A mathematician would get mad at the phrazing of this exercise. One should insert defined by after a one-form field. Logically, \( {\it\unicode{xA3}}_\vec{U} \tilde{\omega} \) is defined by the equation and it can be derived that \( {\it\unicode{xA3}}_\vec{U} \tilde{\omega} \) is a one-form field from the fact that the two other terms are scaler fields.
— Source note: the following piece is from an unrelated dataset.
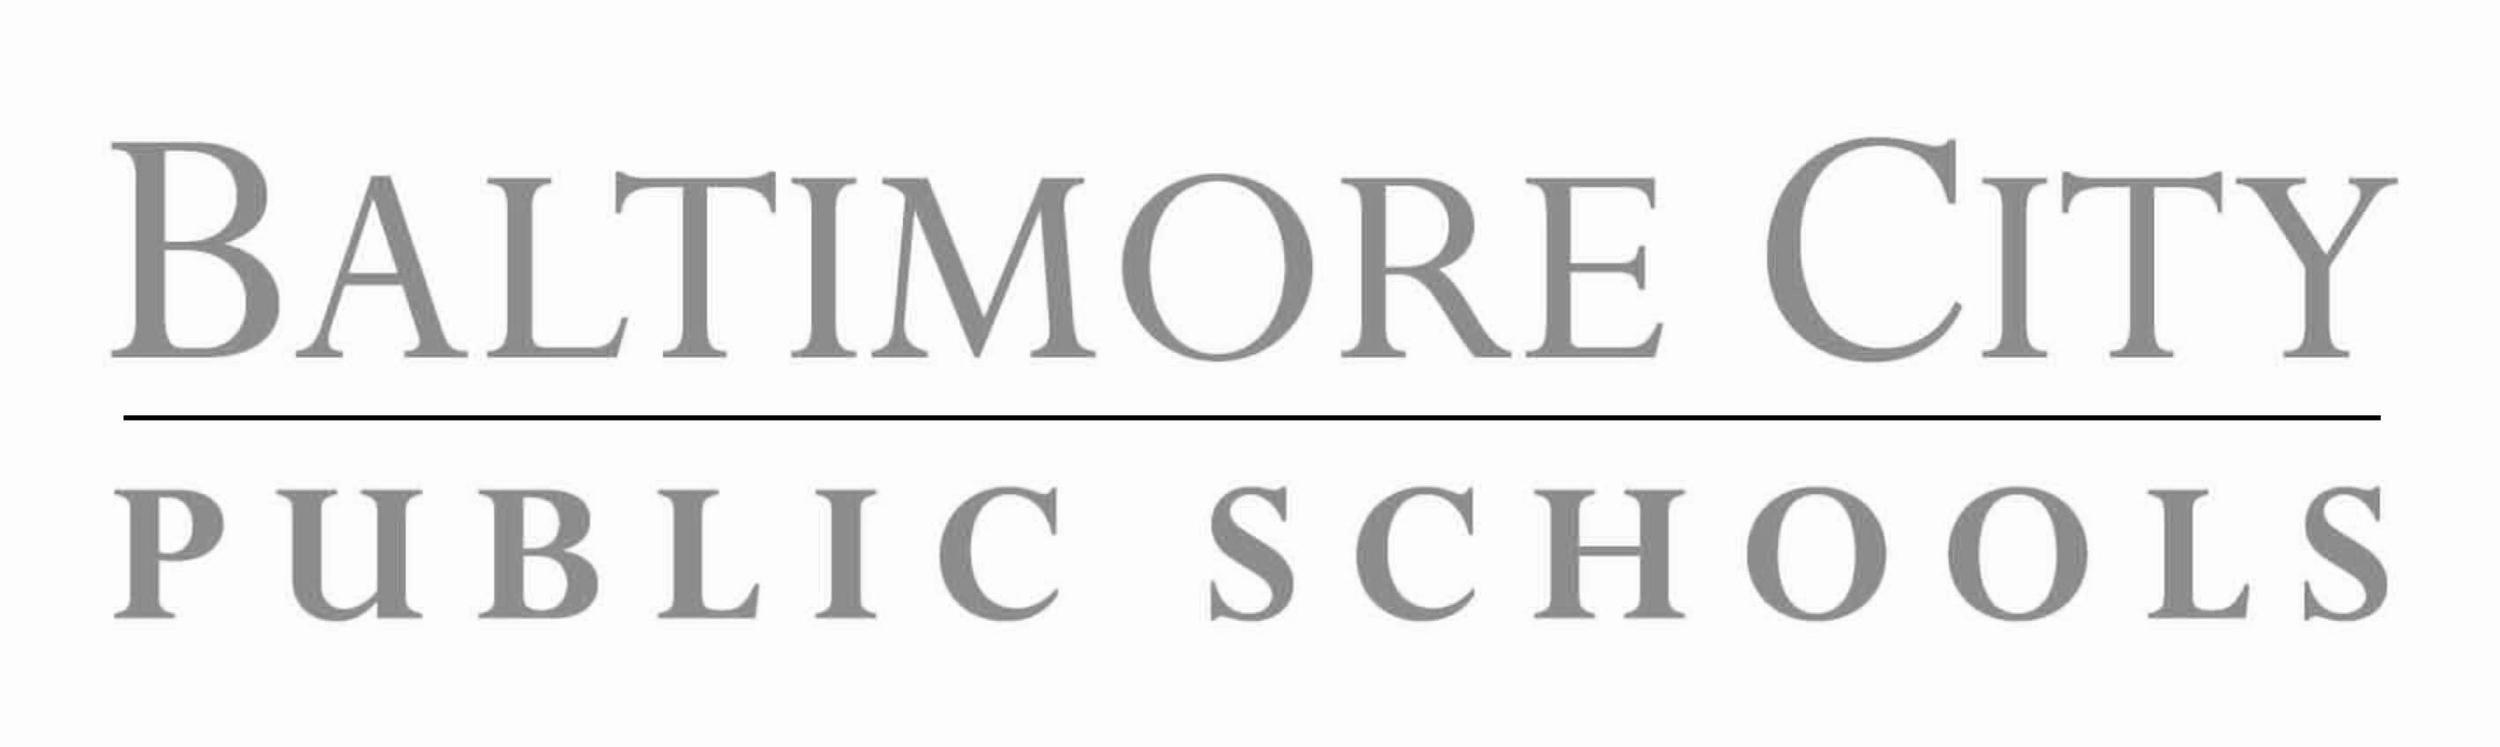 Baltimore City Public Schools.jpg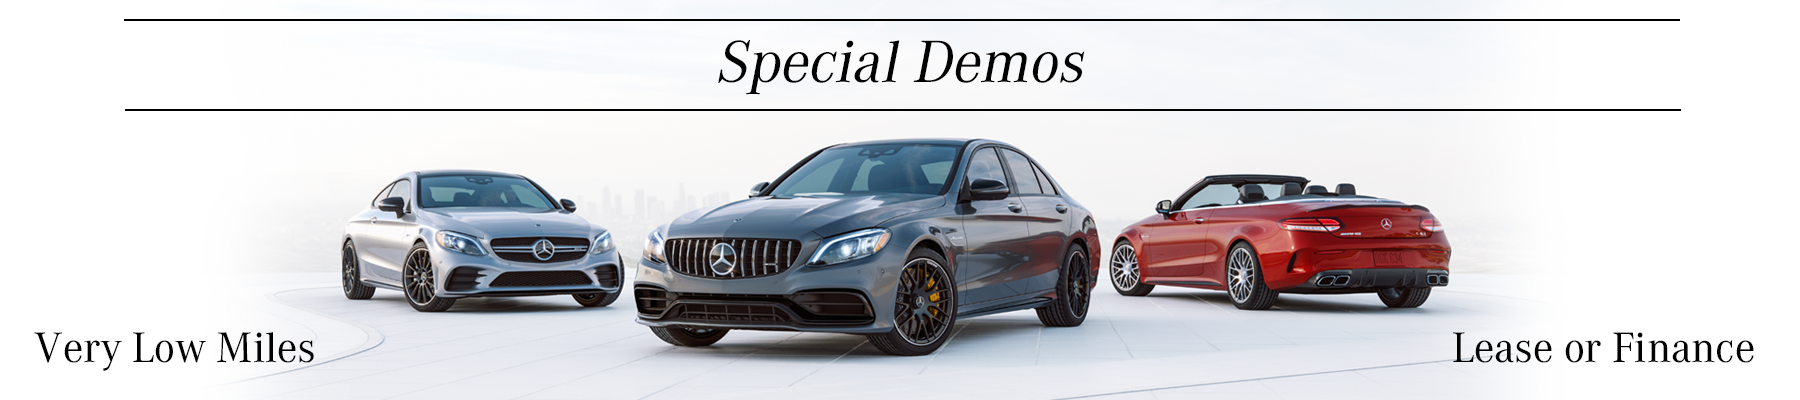 Dealer Demo Specials

What remains is to calculate the components of \( {\it\unicode{xA3}}_\vec{U} \tilde{\omega} \). From the definition, we have
\[ \begin{eqnarray} && ({\it\unicode{xA3}}_\vec{U} \tilde{\omega}) (\vec{V}) \\ &=& {\it\unicode{xA3}}_\vec{U} [\tilde{\omega}(\vec{V})] - \tilde{\omega} ({\it\unicode{xA3}}_\vec{U} \vec{V}) \\ &=& \vec{U} \cdot \nabla[\tilde{\omega}(\vec{V})] - \tilde{\omega} [\vec{U}, \vec{V}] \\ &=& U^\beta \nabla_\beta (\omega_\alpha V^\alpha) - \omega_\alpha [\vec{U}, \vec{V}]^\alpha \\ &=& U^\beta \omega_\alpha \nabla_\beta V^\alpha + U^\beta V^\alpha \nabla_\beta \omega_\alpha - \omega_\alpha (U^\beta \nabla_\beta V^\alpha - V^\beta \nabla_\beta U^\alpha) \\ &=& U^\beta V^\alpha \nabla_\beta \omega_\alpha + \omega_\alpha V^\beta \nabla_\beta U^\alpha \\ &=& U^\beta V^\alpha (\omega_{\alpha, \beta} - {\Gamma^\mu}_{\alpha \beta} \omega_\mu) + \omega_\alpha V^\beta \nabla_\beta U^\alpha \\ &=& U^\beta V^\alpha \omega_{\alpha, \beta} - U^\beta V^\alpha {\Gamma^\mu}_{\beta \alpha} \omega_\mu + \omega_\alpha V^\beta \nabla_\beta U^\alpha \\ &=& U^\beta V^\alpha \omega_{\alpha, \beta} + V^\alpha \omega_\mu {U^\mu}_{, \alpha} - V^\alpha \omega_\mu {U^\mu}_{, \alpha} - V^\alpha \omega_\mu U^\beta {\Gamma^\mu}_{\beta \alpha} + \omega_\alpha V^\beta \nabla_\beta U^\alpha \\ &=& U^\beta V^\alpha \omega_{\alpha, \beta} + V^\alpha \omega_\mu {U^\mu}_{, \alpha} - V^\alpha \omega_\mu ({U^\mu}_{, \alpha} + U^\beta {\Gamma^\mu}_{\beta \alpha}) + \omega_\alpha V^\beta \nabla_\beta U^\alpha \\ &=& U^\beta V^\alpha \omega_{\alpha, \beta} + V^\alpha \omega_\mu {U^\mu}_{, \alpha} - \omega_\mu V^\alpha \nabla_\alpha U^\mu + \omega_\alpha V^\beta \nabla_\beta U^\alpha \\ &=& V^\alpha U^\beta \omega_{\alpha, \beta} + V^\alpha \omega_\mu {U^\mu}_{, \alpha} \\ &=& V^\alpha U^\beta (\nabla_\beta \omega_\alpha + {\Gamma^\mu}_{\alpha \beta} \omega_\mu) + V^\alpha \omega_\mu (\nabla_\alpha U^\mu - {\Gamma^\mu}_{\beta \alpha} U^\beta) \\ &=& V^\alpha (U^\beta \nabla_\beta \omega_\alpha - \omega_\beta \nabla_\alpha U^\beta). \end{eqnarray} \]
Therefore the components of \( {\it\unicode{xA3}}_\vec{U} \tilde{\omega} \) is \( U^\beta \nabla_\beta \omega_\alpha - \omega_\beta \nabla_\alpha U^\beta \).